A credere agli intellettuali (più o meno organici) del ‘blocco sociale’ sconfitto  nelle ultime elezioni, l’Italia è sull’orlo di un vulcano. Come scrive Giovanni Sartori, lo studioso liberale che, tanti anni fa, lasciò l’Italia per paura dei ‘rossi’, nell’editoriale del ‘Corriere della Sera’ del 5 luglio u.s., Gli onorevoli in soggezione:<Siamo al sultanato, alla peggiore delle corti. Cavour diceva: meglio una Camera che un’anticamera. Ma quando un’anticamera si sovrappone alla Camera, non so più cosa sia peggio>. Altro che la pubblicistica dei ‘moribondi di Montecitorio’, ai quali indulgevano l’Italia umbertina e quella giolittiana: qui siamo alla squalifica  totale dell’organo più alto in cui si esprime la sovranità popolare! L’autore di queste espressioni così irresponsabili non può ignorare che a prenderle seriamente se ne dovrebbe dedurre che la legittimità democratica dalle Camere è passata alla Piazza. Chi semina vento raccoglie tempesta. Non ci si stupisce, pertanto, nel leggere ,nell’articolo di Oliviero Beha pubblicato sull’Unità il 13 luglio u.s., Dalla parte della Piazza:< Chiunque attenti alla Costituzione, dal primo (cittadino) all’ultimo (cittadino), deve sapere che non lo farà con il consenso più o meno tacito e più o meno elettorale degli italiani. Giusta la piazza, allora, e meno male che era piena>. Con la conclusione inevitabile : <se il Paese fosse ridotto come infatti è, e quindi bisognoso di svegliare le coscienze, e ci fosse stato sul palco qualcuno di caratura superiore, forse non saremmo ridotti come siamo, a dibattere intorno a un cratere. Abbiamo insomma un palco ’logico’ proporzionato al Paese in avviata decadenza. Vi aspettavate il Che? Ma via…>. C’è da rimanere sgomenti e non tanto per  la difesa d’ufficio di discorsi pieni di ‘sbavature’—per citare l’ineffabile commento di Di Pietro agli interventi di Sabina Guzzanti e di Beppe Grillo—quanto per la riaffermazione di un principio che era il cuore dell’ideologia fascista: quando il Parlamento diventa un’<aula sorda e grigia> asservita al padrone di turno, al popolo sovrano non resta che scendere in piazza! Ad Oliviero Beha e a Paolo Flores d’Arcais, probabilmente sorride il giorno in cui –‘sfasciato il Cavaliere   non dai manganelli delle camice nere ma dalle sentenze dei giudici—potranno ascendere al Colle e portare a un tetro Presidente della Repubblica <l’Italia di Piazza Navona redenta dalle nostre vittorie>.

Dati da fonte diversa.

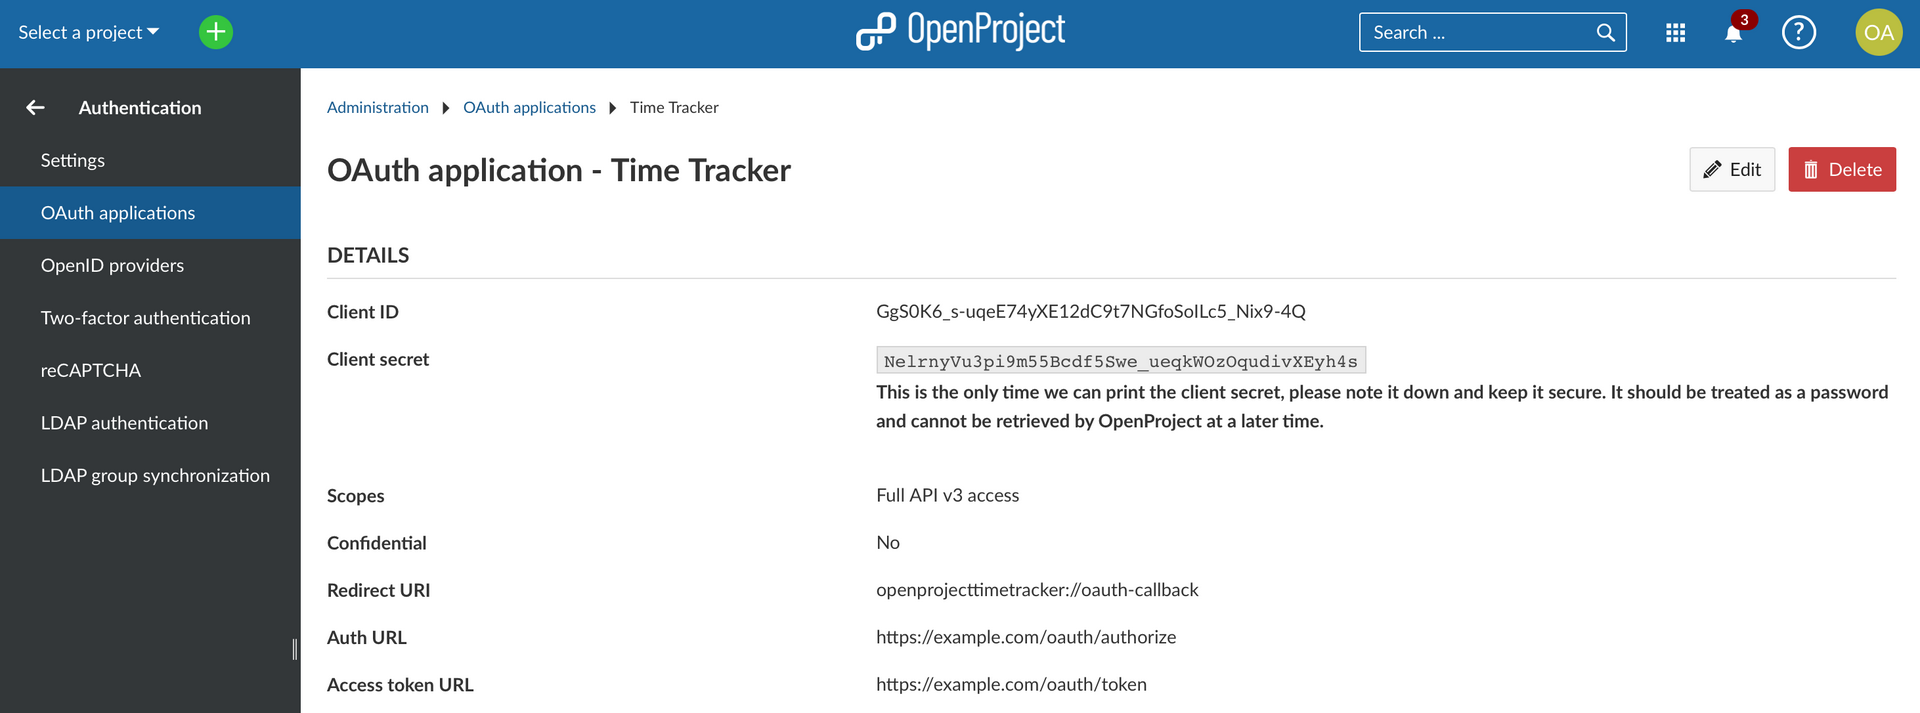 openproject time tracker configured

 Ma c’è un altro aspetto, negli ‘ultimi casi d’Italia’, che non finisce di stupire ed è il credito che giuristi, filosofi del diritto, letterati, artisti danno, de facto, a politici come Antonio Di Pietro e a comici bolliti (come comici, s’intende) tipo Beppe Grillo:è come se, dialetticamente, il maximum di raffinatezza e di snobismo intellettuale si rovesciasse in ammirazione incondizionata della  cafonaggine e del demagogismo urlato. Non che manchi una divisione delle parti in commedia.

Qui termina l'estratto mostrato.